A su lado están sus abuelos. Una pareja encantadora de médicos, que cuentan la historia de Leo. Un bebé prematuro de veintitrés semanas que logró sobrevivir peleando por su vida como un minúsculo jabato. Abandonado por su madre, una cría de 17 años a la que le gustaba coquetear peligrosamente con el alcohol, las drogas y los chicos, embarazada sin saber de quién. Incapaz de soportar la responsabilidad de ser madre soltera, en cuanto se recuperó del parto puso pies en polvorosa. Hasta hoy. No se ha vuelto a saber de ella. Tampoco es que sus padres la echen de menos. Los dos coinciden en afirmar que lo mejor de sus vidas es su nieto. Ese pequeño Alatriste que blande su espada de plástico en la camilla. Leo.

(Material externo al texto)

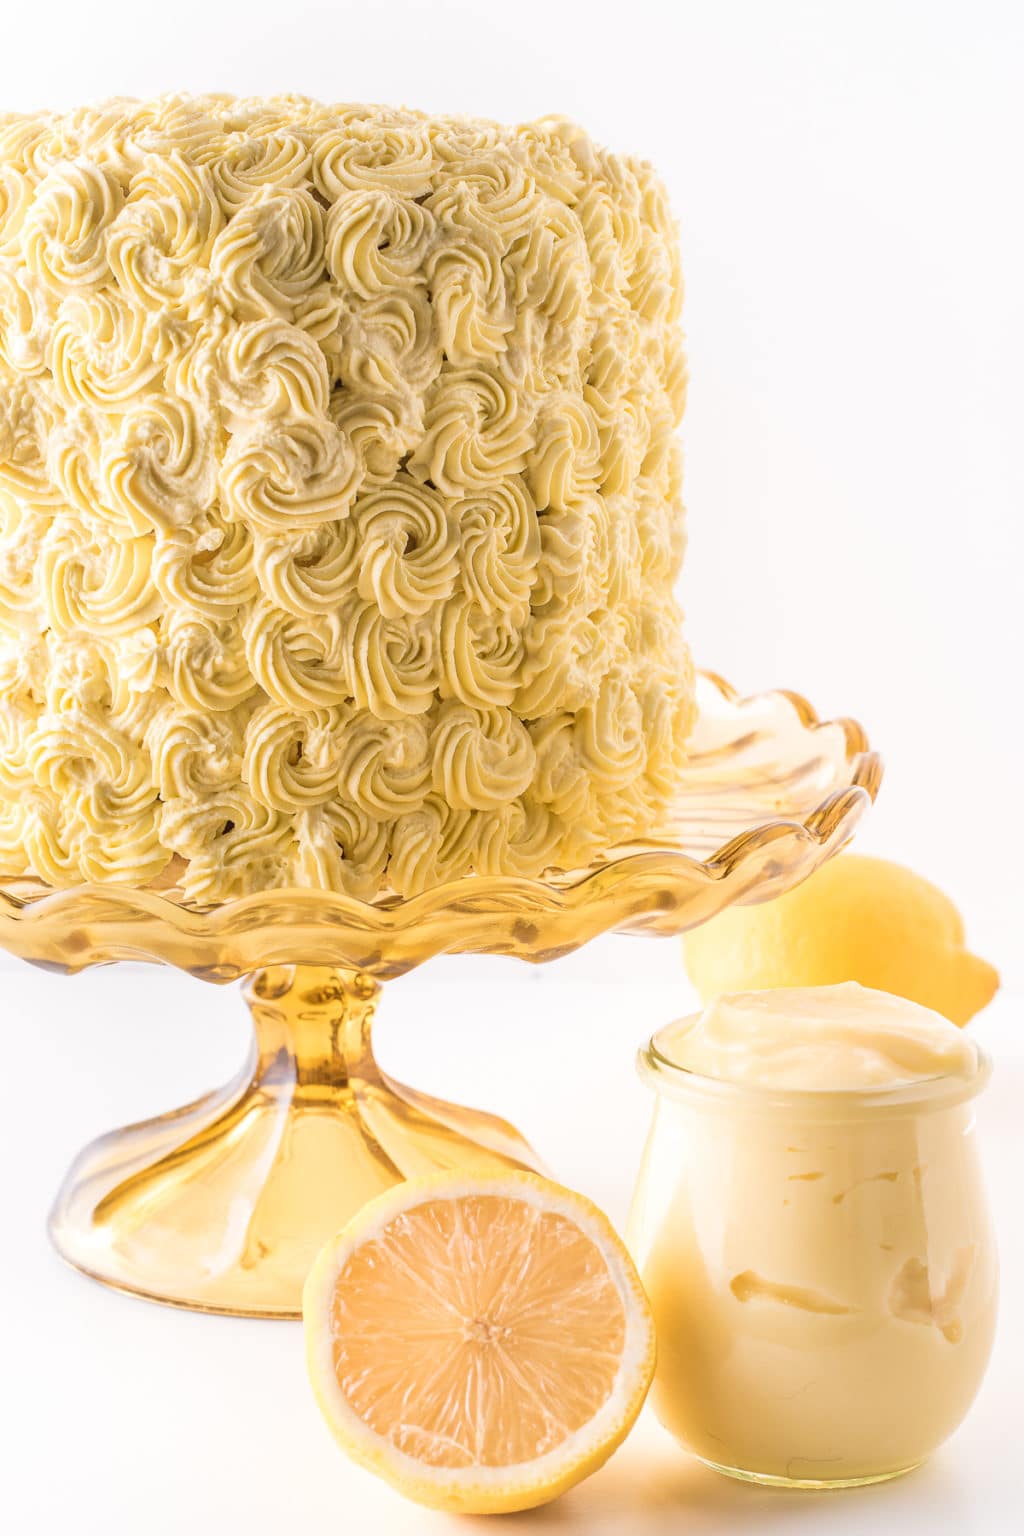 A tall lemon cake with yellow frosting rosettes.

Y son ellos, Carmen y Michael, los abuelos, quienes cuentan despacio, sonriendo con frecuencia, la heroica biografía del diminuto espadachín. Leo es un niño superdotado, que va a un centro educativo especial para niños como él. Asiste allí con puntualidad, menos cuando, como ahora, el intenso tratamiento médico lo deja hecho polvo. Y no es que carezca de fuerza de voluntad, sino al contrario. Nadie más vital, con más energía. Con más ilusión por ver, por conocer, por mirar. Por vivir. A los cuatro años de edad lee perfectamente, pues aprendió él solo antes de cumplir los tres. Tiene un vocabulario riquísimo y su sintaxis es perfecta. Habla el inglés con tanta naturalidad como el castellano, y entiende el francés. Le encantan los libros, hasta el punto de que es un lector rápido, inteligente y voraz. Y su bici. Y su monopatín. Y dibujar. También le gusta hacer chapuzas de bricolaje con su abuelo. Y adora la música, hasta el punto de que está aprendiendo a tocar la guitarra y la batería. Por no hablar de la naturaleza y los animales, claro. Su sueño es tener un burrito que se llame Platero, como el del libro que leyó hace poco. De momento tiene un perro, tres gatos y una iguana.

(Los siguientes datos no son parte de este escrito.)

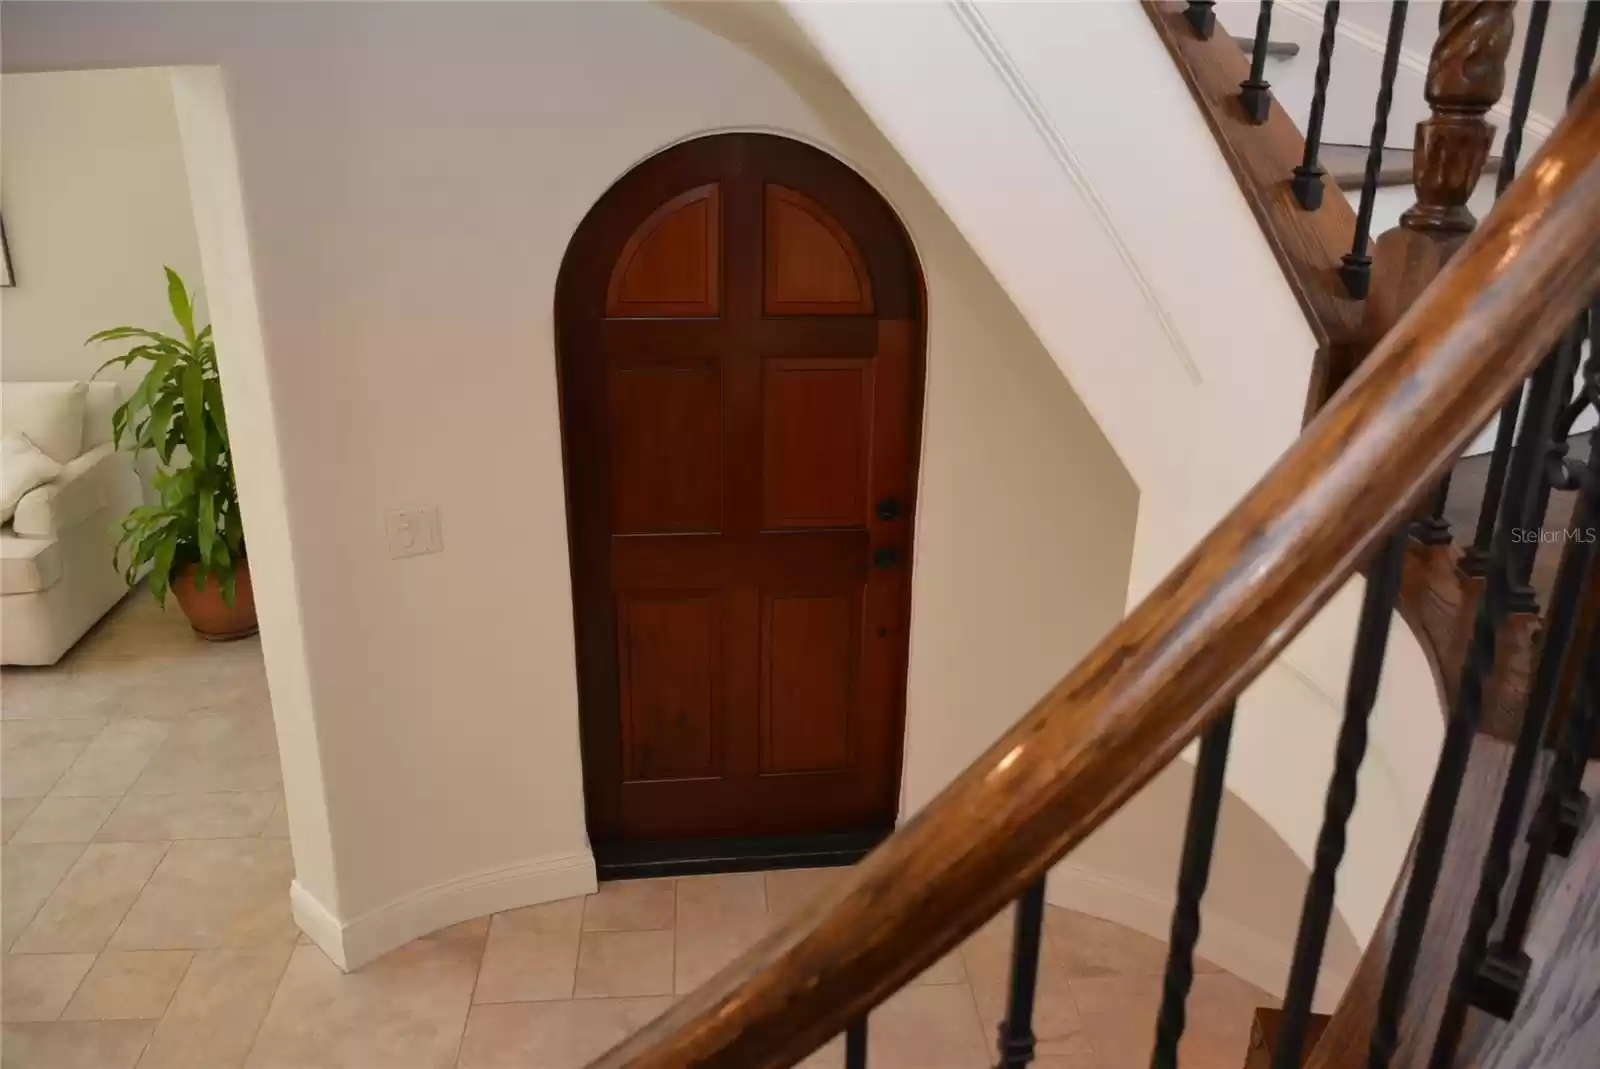 Enter the front door into the foyer that includes an elegant hardwood and wrought iron spiral staircase.

No siempre va todo bien en el tratamiento. Leo está demacrado. Ha perdido peso, tiene vómitos y náuseas. Le han salido llagas en la boca. El impacto químico y radiológico es duro, pero también él lo es. A cada momento, en cada detalle, en cada gesto, aflora su instinto de supervivencia. Siempre que va al hospital pide que le pongan el traje de Alatriste, aunque a veces insiste en llevar debajo una camiseta del amor de su vida, su chica: Lisa Simpson. «Es la niña más lista del mundo -afirma rotundo mientras le brillan los ojos-. Y la más guapa. No es como otras nenazas, que sólo saben llorar». Y luego, volviendo a su espada, repite de nuevo: «No era el hombre más honesto ni el más piadoso, pero era un hombre valiente», hasta que se queda dormido.

Clara, una chica que asiste como voluntaria, le lleva un libro del capitán Alatriste. Y al despertar hojean unas páginas juntos. «Genial», dice Leo, al reconocer la primera frase. Y al cabo de un rato, con la espada en las manos, se duerme otra vez. El duro descanso del guerrero, a la espera del siguiente combate por la vida. Le quedan dos meses de tratamiento, y después deberá recuperarse, a la espera de un donante; de la médula anónima que lo salvará. Ahora está tan débil que un simple resfriado podría matarlo. Es difícil predecir si vivirá o no. Saber si dentro de unos años, lejos ya de este campo de batalla, será el hombre más honesto o el más piadoso. Pero de lo que no cabe duda es de que es un niño valiente.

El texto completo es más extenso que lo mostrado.